Hence if $p_{n}\ge \left(\frac 65\right)^n$ and $p_{n'}>23$ then there are $n$ primes between $p_n'$ and $p_{n}p_{n'}$. Together with finitely many checks for $p_n\le p_{n'}\le 23$ this settles all cases with one of the primes being $<100$ (or equivalently: where at least one of $n,n'$ is $\le 25$).

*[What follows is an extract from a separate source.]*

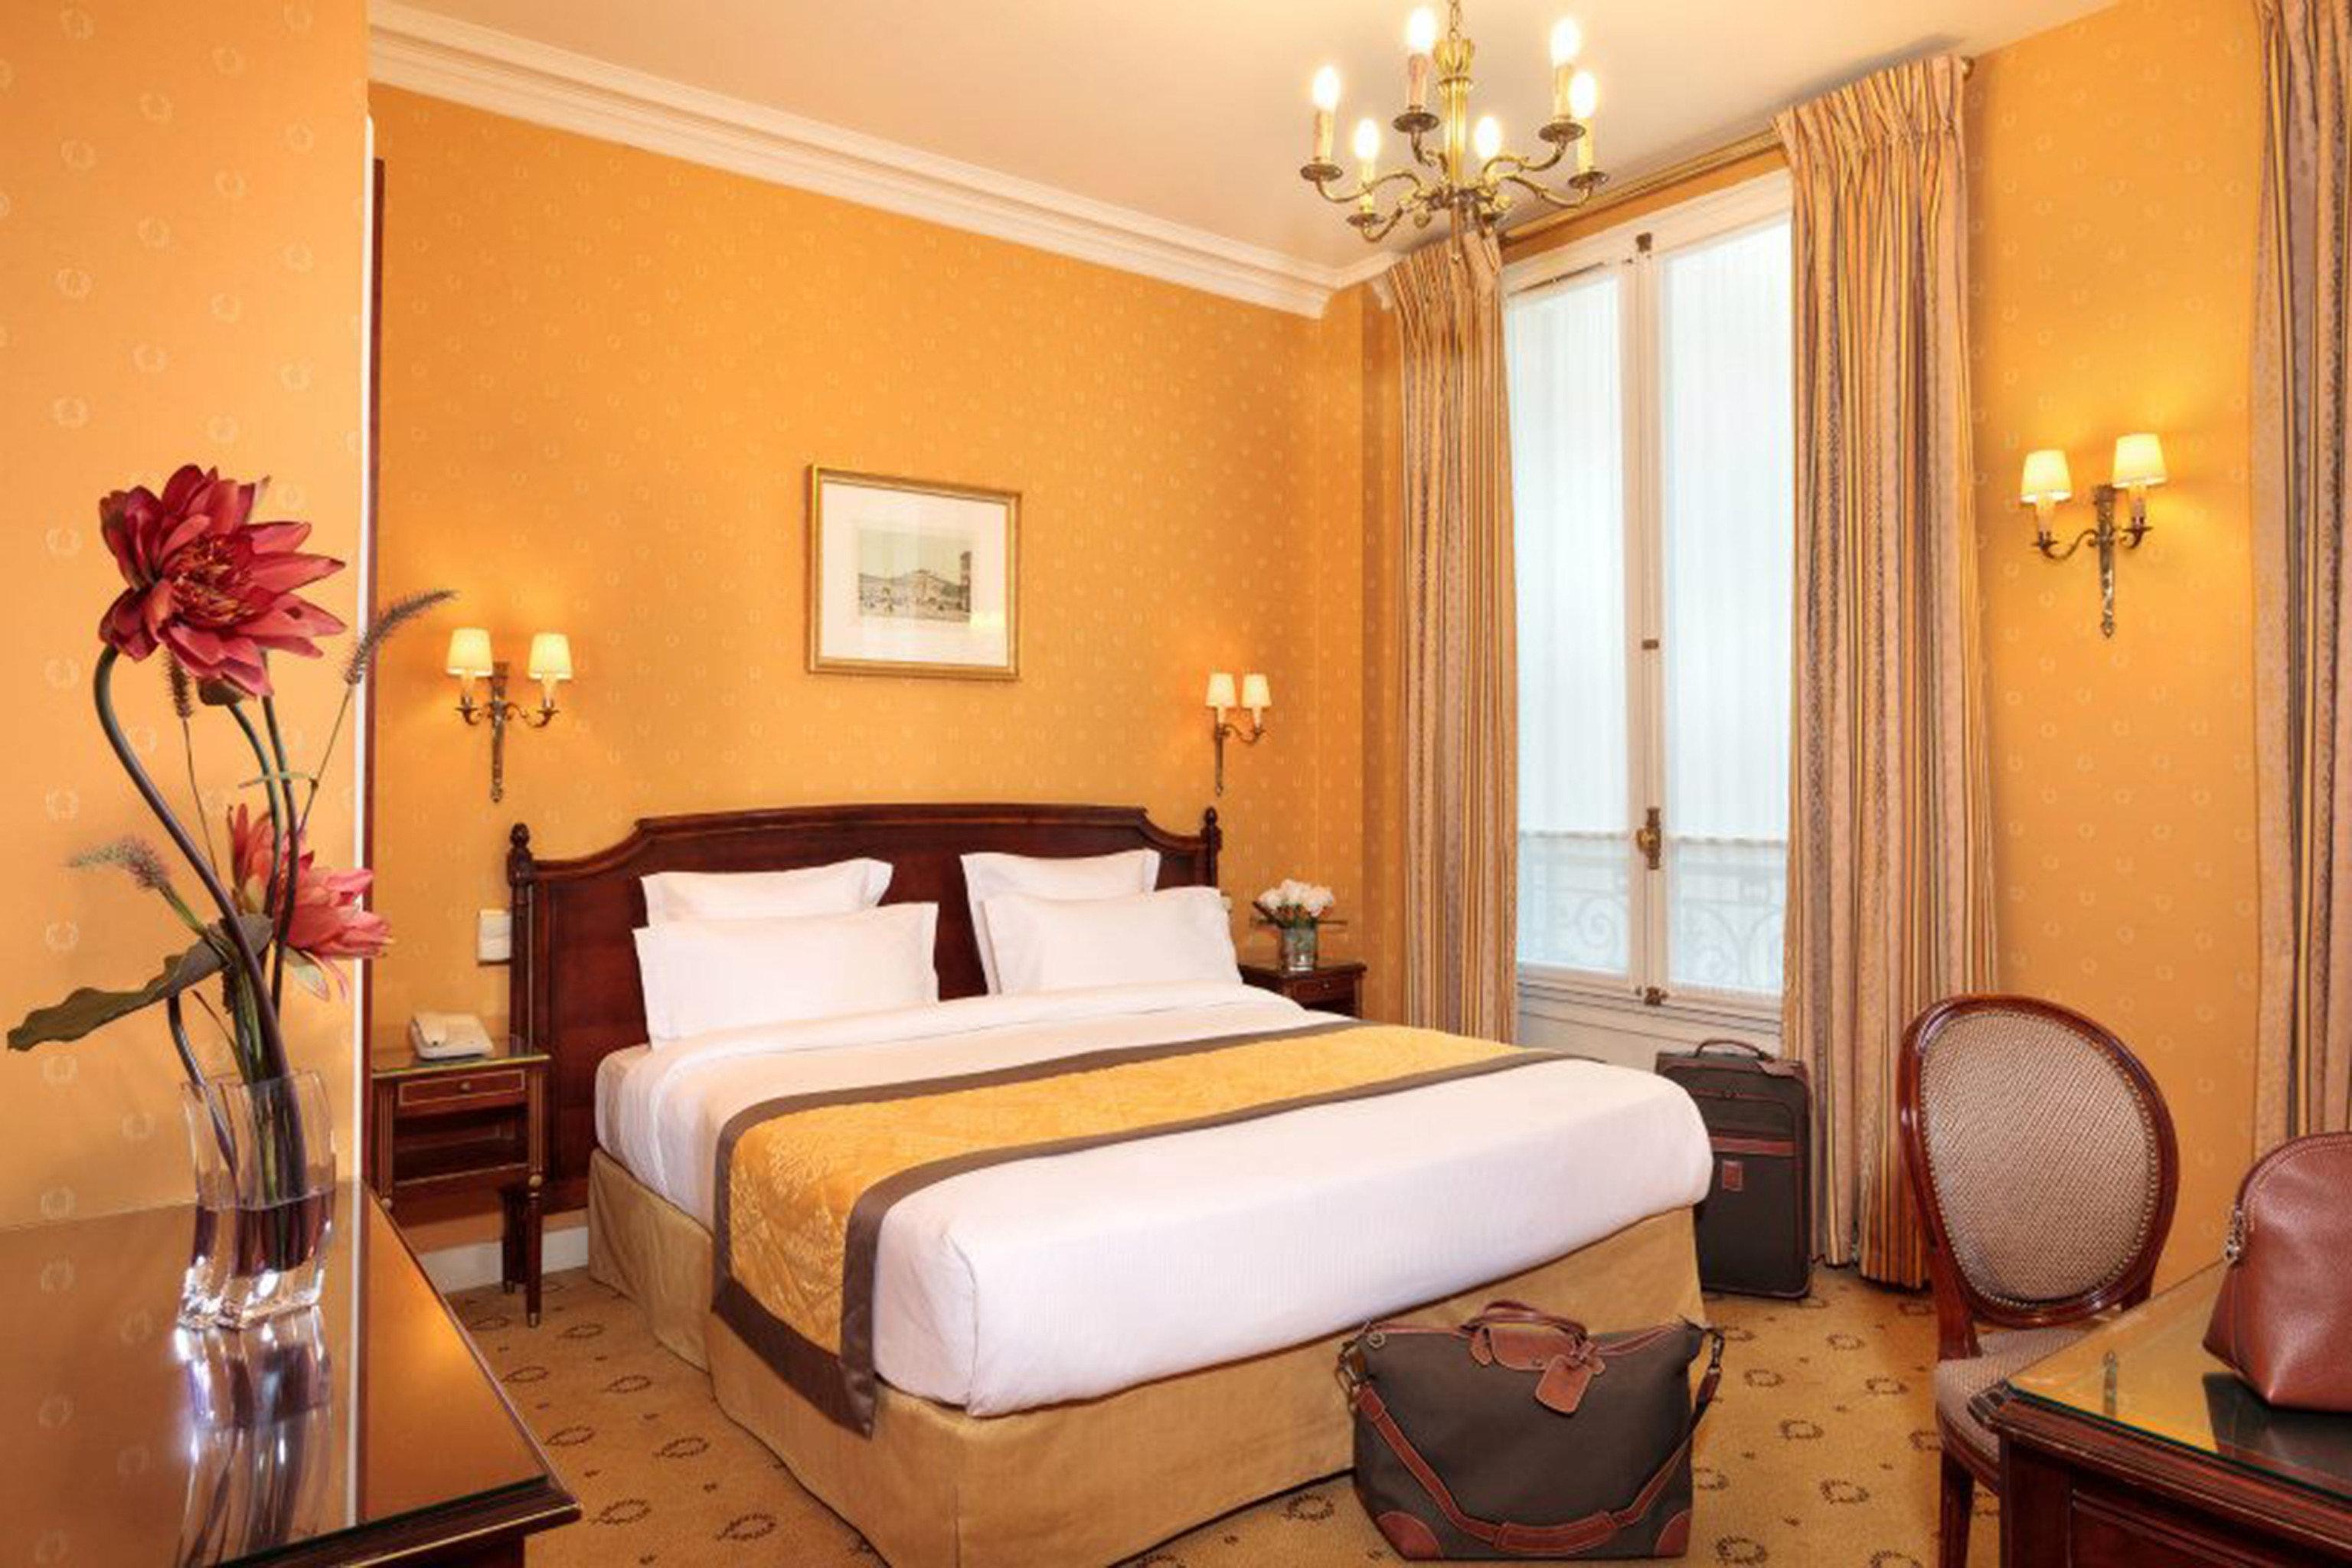 Bedroom Hip Historic Luxury Modern Rustic Suite property cottage

Actually, we need only handle the case that at least one of $n,n'$ is $\le 5$ (i.e. one of $p_n,p_{n'}$ is $\le 11$), because the rest is dealt with by the following nice estimate for the $n$th prime:

For $n\ge 6$, we have $n(\ln(n\ln n)-1)<p_n<n\ln(n\ln n)$

Hence $$p_np_{n'}>nn'(\ln(n\ln n)-1)(\ln(n'\ln n')-1)$$ and $$p_{n+n'}<(n+n')\ln((n+n')\ln(n+n')) $$ As we may even assume $n\ge n'\ge6$, we find $$\begin{align} p_{n+n'}&<2n\ln(2n\ln(2n))\\&=2n\ln((2n+\ln2)\ln n)\\&<2n(\ln 3+\ln(n\ln n))\\&<3n\ln(n\ln n))\end{align}$$ and $$\begin{align}p_np_{n'}&>6n(\ln(n\ln n)-1)(\ln(6\ln 6)-1)\\& >13n(\ln(n\ln n)-1)\end{align} $$ So that all we need to complete the proof is $$ 10\ln(n\ln n)>13$$ which is the case because $n\ln n\ge 6\ln 6>10$